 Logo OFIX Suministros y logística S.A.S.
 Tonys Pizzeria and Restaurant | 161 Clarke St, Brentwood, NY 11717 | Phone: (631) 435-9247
#####
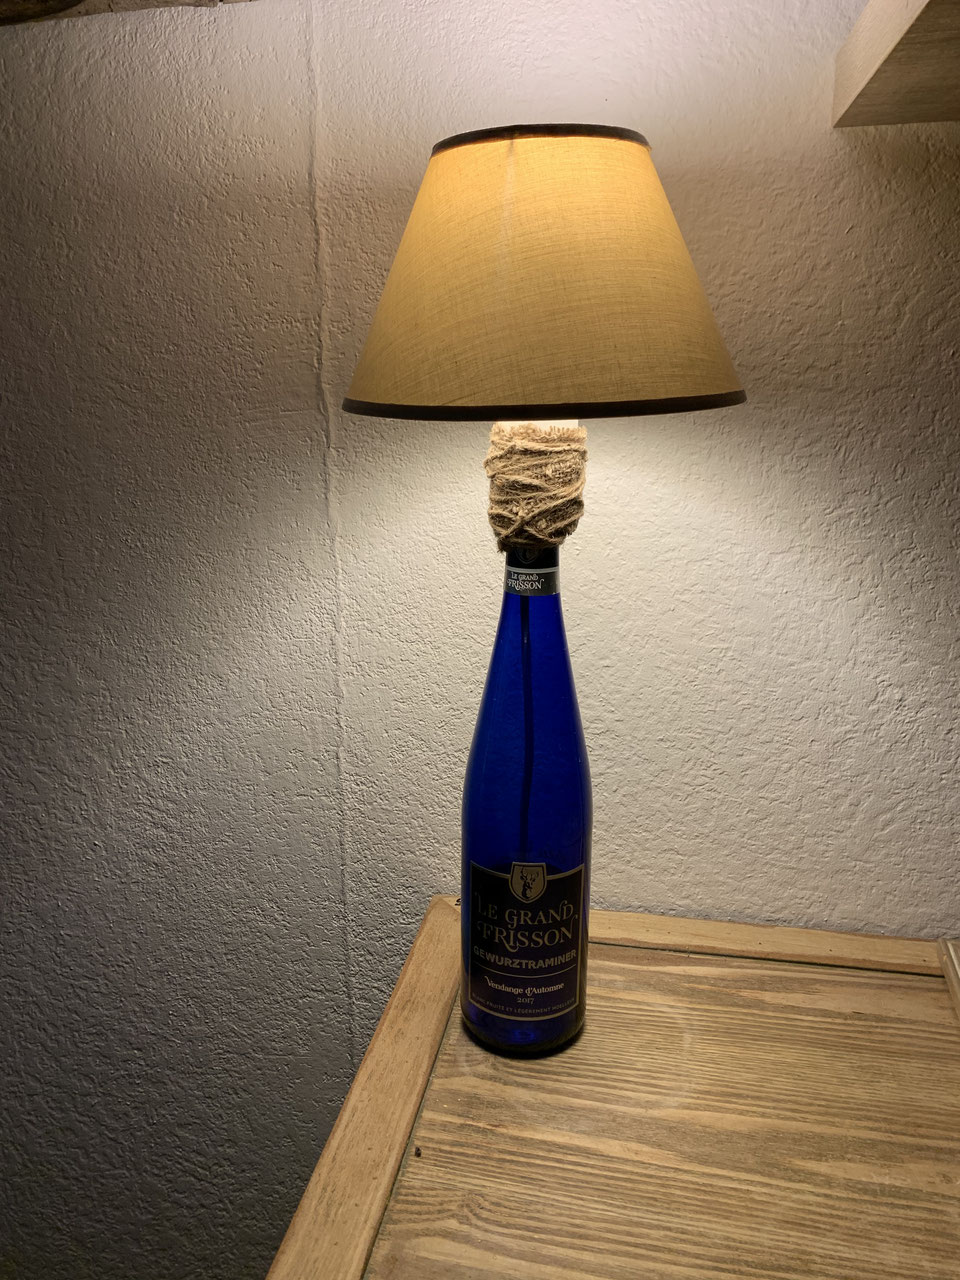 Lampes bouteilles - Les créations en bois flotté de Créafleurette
#####
Out of the data above, transcribe exactly and only the lines starting with the line that has "Logo OFIX Suministros y logística S.A.S." and going on through the line that has "Tonys Pizzeria and", both included.

 Logo OFIX Suministros y logística S.A.S.
 Tonys Pizzeria and Restaurant | 161 Clarke St, Brentwood, NY 11717 | Phone: (631) 435-9247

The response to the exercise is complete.